VMT Mitigation Webinar – Tuesday October 30, 10-11am

Berkeley Law’s free event will feature the Governor’s Office of Planning and Research

Under Senate Bill 743 (Steinberg, 2013), California law now requires developers of new projects, like apartment buildings, offices, and roads, to analyze and mitigate the amount of additional driving miles the projects generate. To facilitate compliance with SB 743, some local and regional leaders are considering creating “banks” or “exchanges” to allow developers to fund off-site projects that reduce vehicle miles traveled (VMT), such as new bike lanes, transit, and busways.

CLEE’s new report, Implementing SB 743, provides a comprehensive review of key legal and policy considerations for local and regional agencies tasked with crafting these innovative VMT mitigation mechanisms, including:

  • Legal requirements under CEQA and Constitutional case law;
  • Criteria for mitigation project selection and prioritization;
  • Methods to verify VMT mitigation and “additionality”; and
  • Measures to ensure equitable distribution of projects.

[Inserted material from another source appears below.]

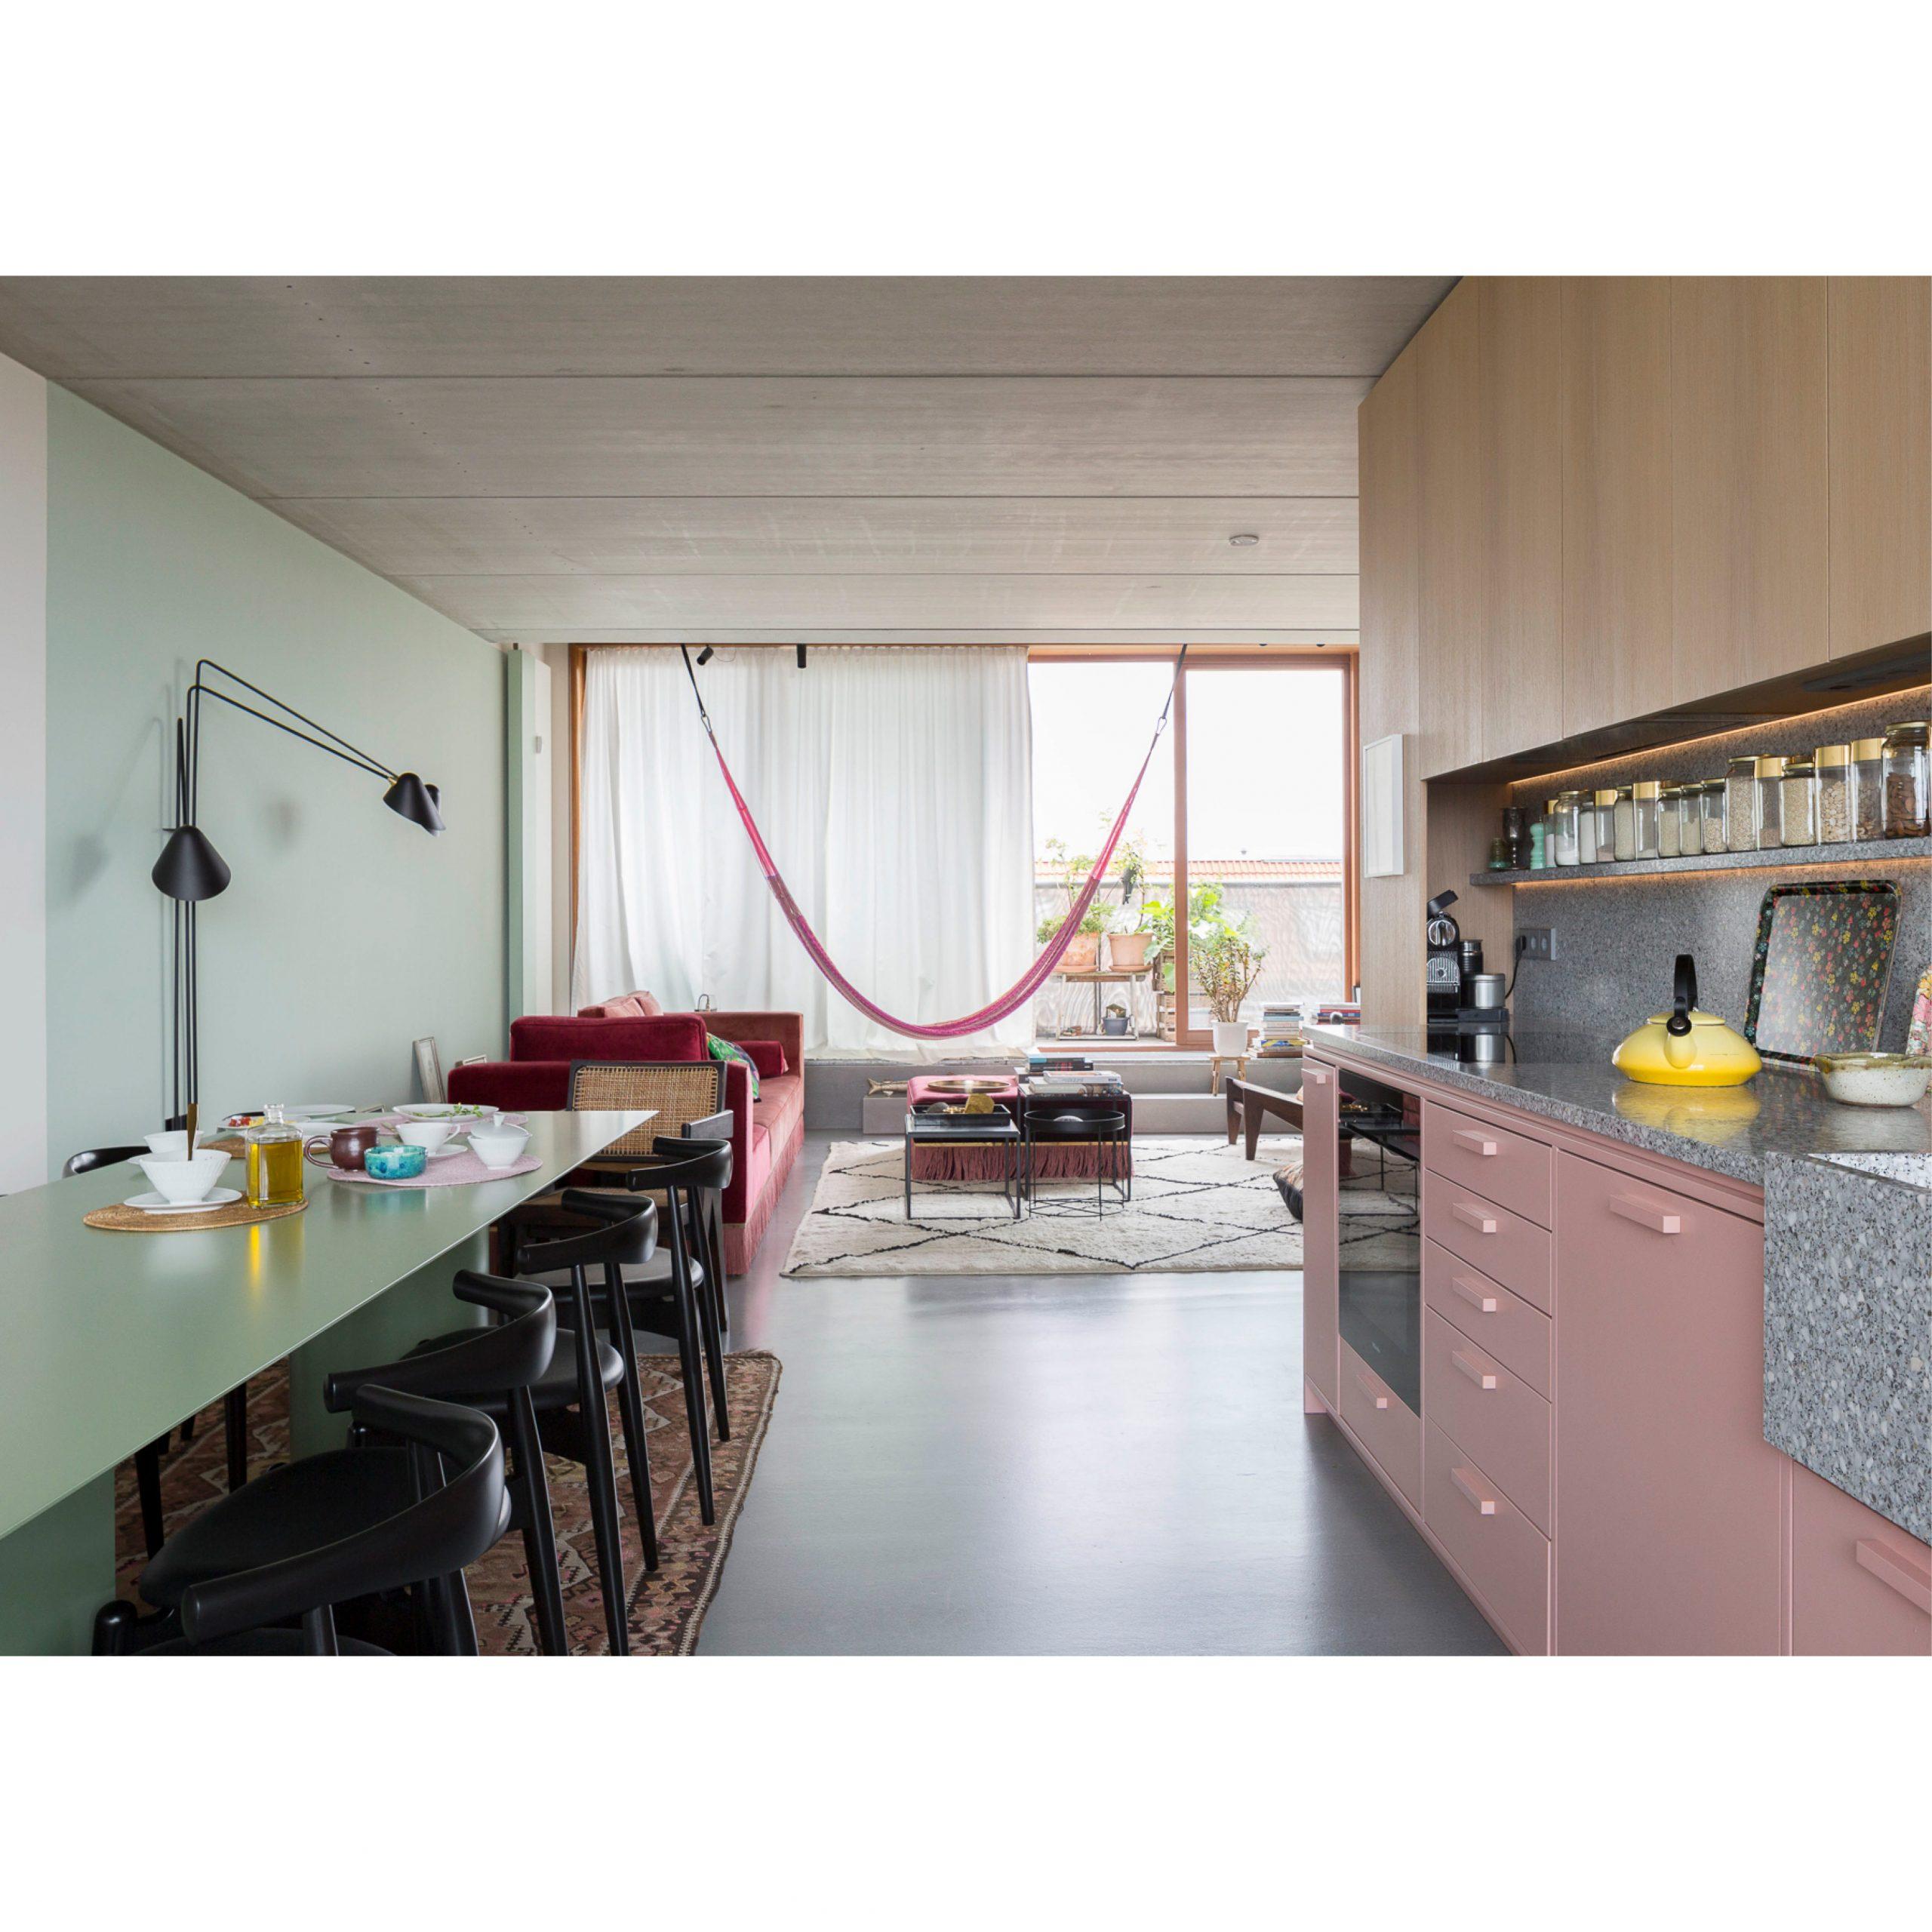 Ester Bruzkus Interior Kitchen ©Caroline Prange_5

The webinar will discuss the report findings and answer your questions about SB 743 and VMT mitigation strategies. Speakers include:

  • Chris Ganson, Governor’s Office of Planning & Research
  • Jeannie Lee, Governor’s Office of Planning & Research
  • Ethan Elkind, Center for Law, Energy & the Environment
  • Ted Lamm, Center for Law, Energy & the Environment

You can register for the webinar (hosted on Zoom) today, or access the webinar directly here on October 30.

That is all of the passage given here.